- Hecelchakán Location in Mexico
- Coordinates: 20°10′0″N 90°8′0″W﻿ / ﻿20.16667°N 90.13333°W
- Country: Mexico
- State: Campeche
- Municipality: Hecelchakán

Area
- • Total: 514.28 sq mi (1,331.99 km^{2})

Population (2010)
- • Total: 10,285
- Time zone: UTC−6 (Central (US Central))

= Hecelchakán =

City in the Mexican state of Campeche

Hecelchakán (/es/) is a city in the Mexican state of Campeche. The city is located some 70 km to the north of the state capital Campeche. It is the seat of the Hecelchakán Municipality. As of 2010, the city of Hecelchakán had a population of 10,285.

The name comes from the Maya words jeʼelel (rest) and chakʼan (savanna).

It is at an altitude of 10 m above sea level.

==Geography==
=== Climate ===

Climate data for Hecelchakán (1991–2020)
| Month | Jan | Feb | Mar | Apr | May | Jun | Jul | Aug | Sep | Oct | Nov | Dec | Year |
| Record high °C (°F) | 40.0 (104.0) | 41.0 (105.8) | 43.0 (109.4) | 45.0 (113.0) | 48.0 (118.4) | 45.0 (113.0) | 42.0 (107.6) | 42.0 (107.6) | 41.0 (105.8) | 39.0 (102.2) | 39.0 (102.2) | 39.0 (102.2) | 48.0 (118.4) |
| Mean daily maximum °C (°F) | 31.4 (88.5) | 32.9 (91.2) | 35.6 (96.1) | 37.2 (99.0) | 37.5 (99.5) | 35.8 (96.4) | 35.4 (95.7) | 35.3 (95.5) | 34.7 (94.5) | 33.6 (92.5) | 32.5 (90.5) | 31.6 (88.9) | 34.5 (94.1) |
| Daily mean °C (°F) | 24.2 (75.6) | 25.4 (77.7) | 27.4 (81.3) | 28.9 (84.0) | 29.3 (84.7) | 28.7 (83.7) | 28.4 (83.1) | 28.3 (82.9) | 28.0 (82.4) | 27.0 (80.6) | 25.5 (77.9) | 24.7 (76.5) | 27.1 (80.8) |
| Mean daily minimum °C (°F) | 16.9 (62.4) | 17.9 (64.2) | 19.2 (66.6) | 20.6 (69.1) | 21.1 (70.0) | 21.7 (71.1) | 21.3 (70.3) | 21.3 (70.3) | 21.2 (70.2) | 20.4 (68.7) | 18.5 (65.3) | 17.8 (64.0) | 19.8 (67.6) |
| Record low °C (°F) | 5.0 (41.0) | 6.0 (42.8) | 6.5 (43.7) | 10.0 (50.0) | 9.0 (48.2) | 13.0 (55.4) | 16.0 (60.8) | 18.0 (64.4) | 16.0 (60.8) | 10.0 (50.0) | 10.0 (50.0) | 8.0 (46.4) | 5.0 (41.0) |
| Average precipitation mm (inches) | 41.0 (1.61) | 27.5 (1.08) | 16.8 (0.66) | 39.9 (1.57) | 120.0 (4.72) | 222.8 (8.77) | 193.6 (7.62) | 208.2 (8.20) | 238.1 (9.37) | 174.8 (6.88) | 52.3 (2.06) | 28.3 (1.11) | 1,363.3 (53.67) |
| Average precipitation days (≥ 0.1 mm) | 4.4 | 2.6 | 1.7 | 2.8 | 6.3 | 11.9 | 13.1 | 14.2 | 14.5 | 11.5 | 4.4 | 3.6 | 91.0 |
Source: Servicio Meteorologico Nacional

==History==
The city was founded close to a cenote by inhabitants of the former city of Xkalumkin, between the years 1500 and 1600. In this city some important historic events took place, such as the battle between Don Francisco de Paula Toro and the federalists, led by Don Felipe Montero, who was defeated.
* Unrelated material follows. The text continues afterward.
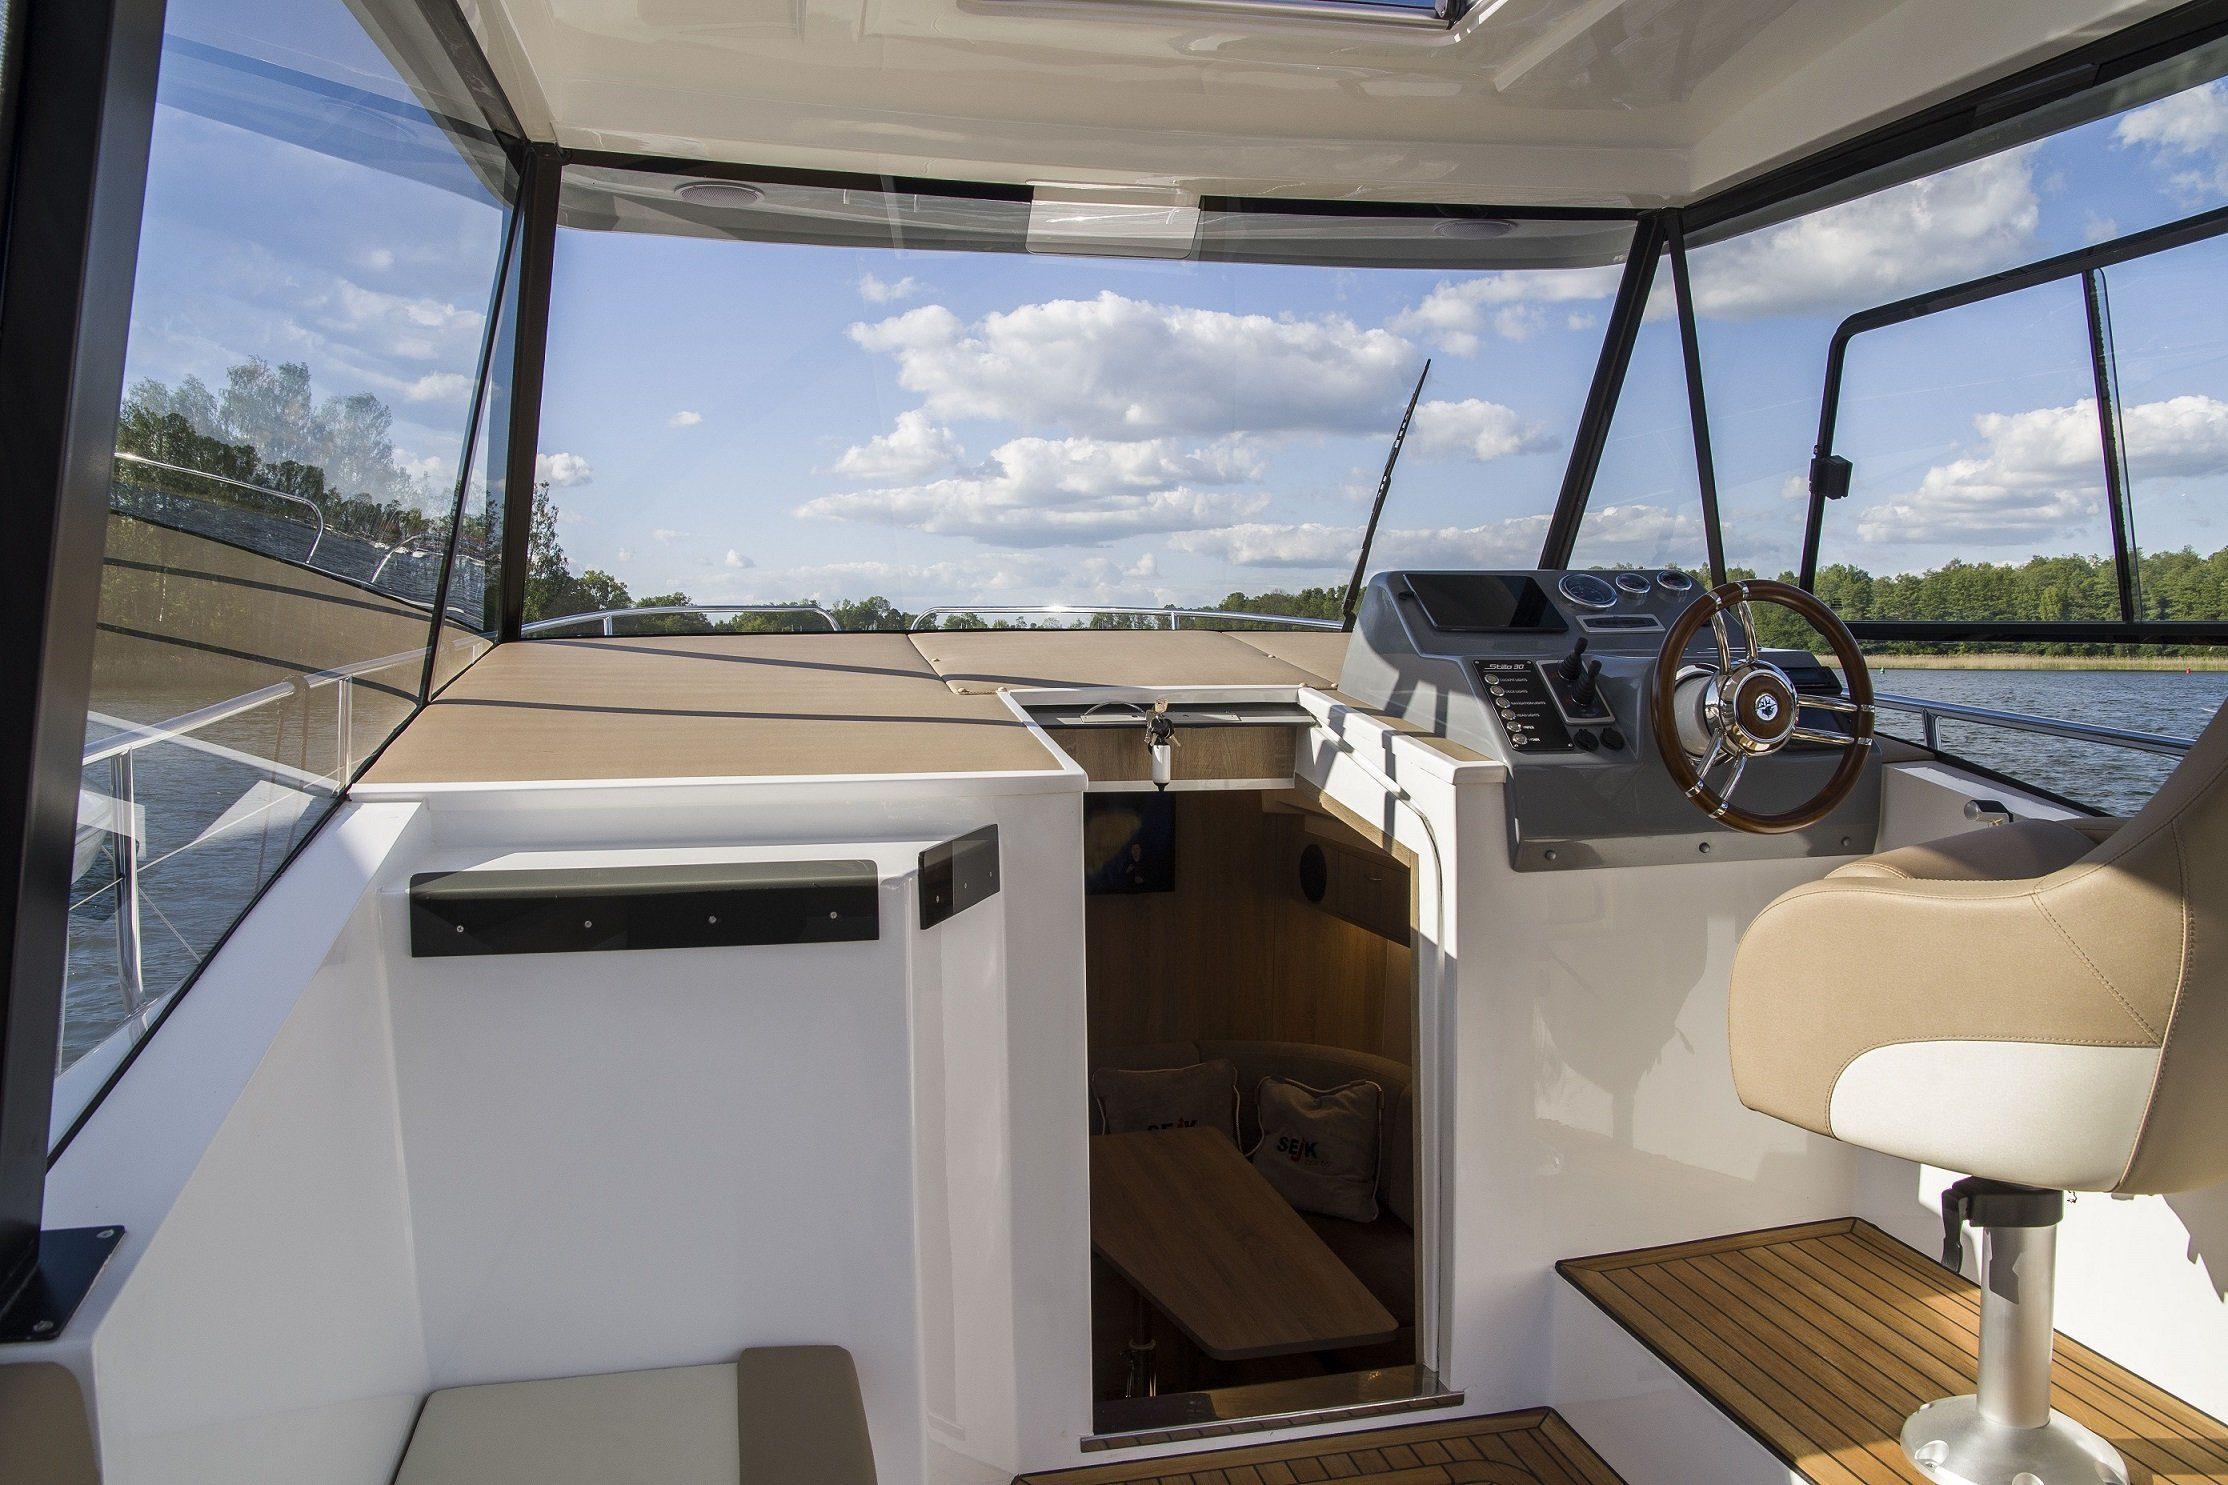 Stillo 30 luxury boat cockpit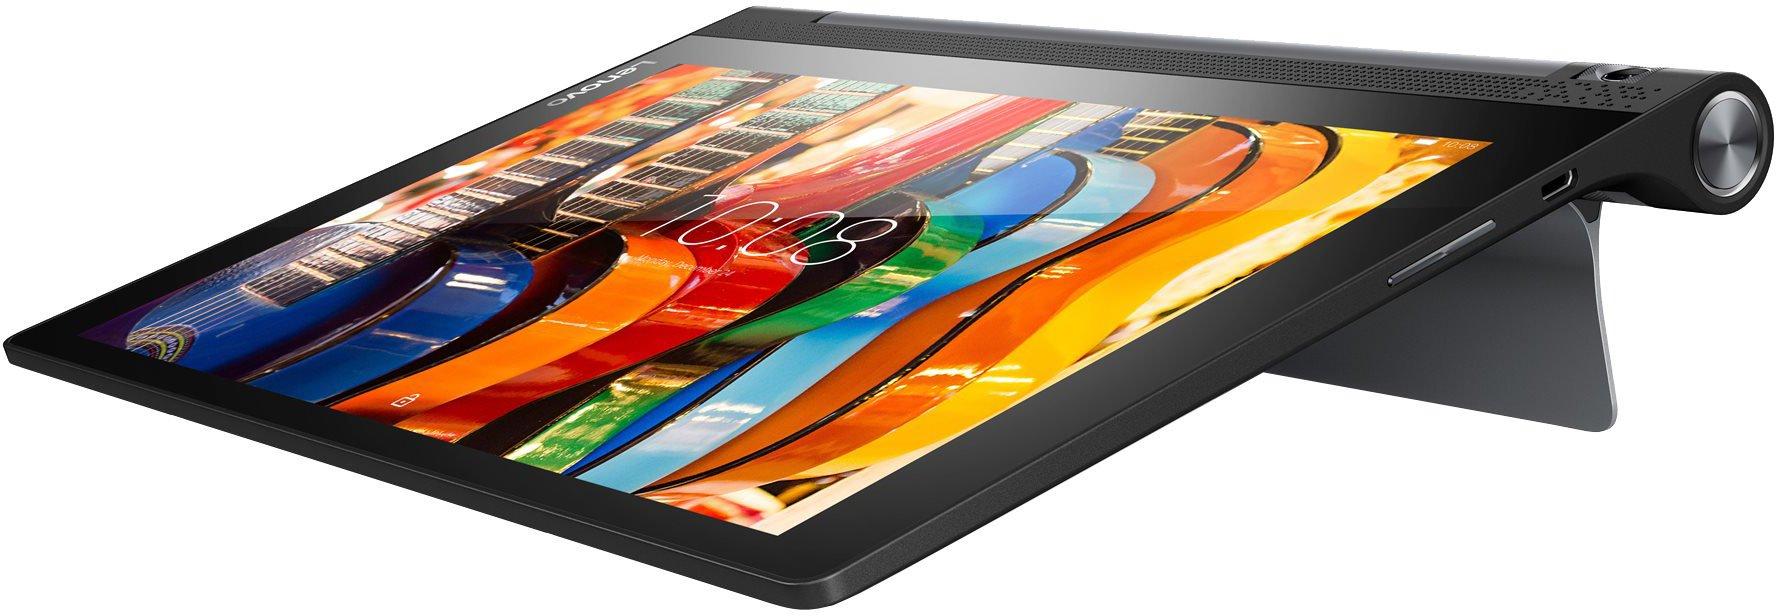 "Lenovo Yoga 3 10"" - X50L"

In 1840, the district of Hecelchakán included the towns of Pomuch, Pocboc, Tenabo, Tepakán, San Antonio Sahcabchén, Dzitbalché, Bécal, Nunkiní, and Calkiní.

Around 1846, the district of Hecelchakán included three parishes: Hecelchakán, Calkiní and Bécal.

On December 7, 1915, when decree no. 51 approved a new law of interior administration, Hecelchakán became one of the eight free municipalities of the new state of Campeche. That law came into effect on January 1, 1916.

In 1957 Hecelchakán was given city status by Governor of Campeche Alberto Trueba Urbina.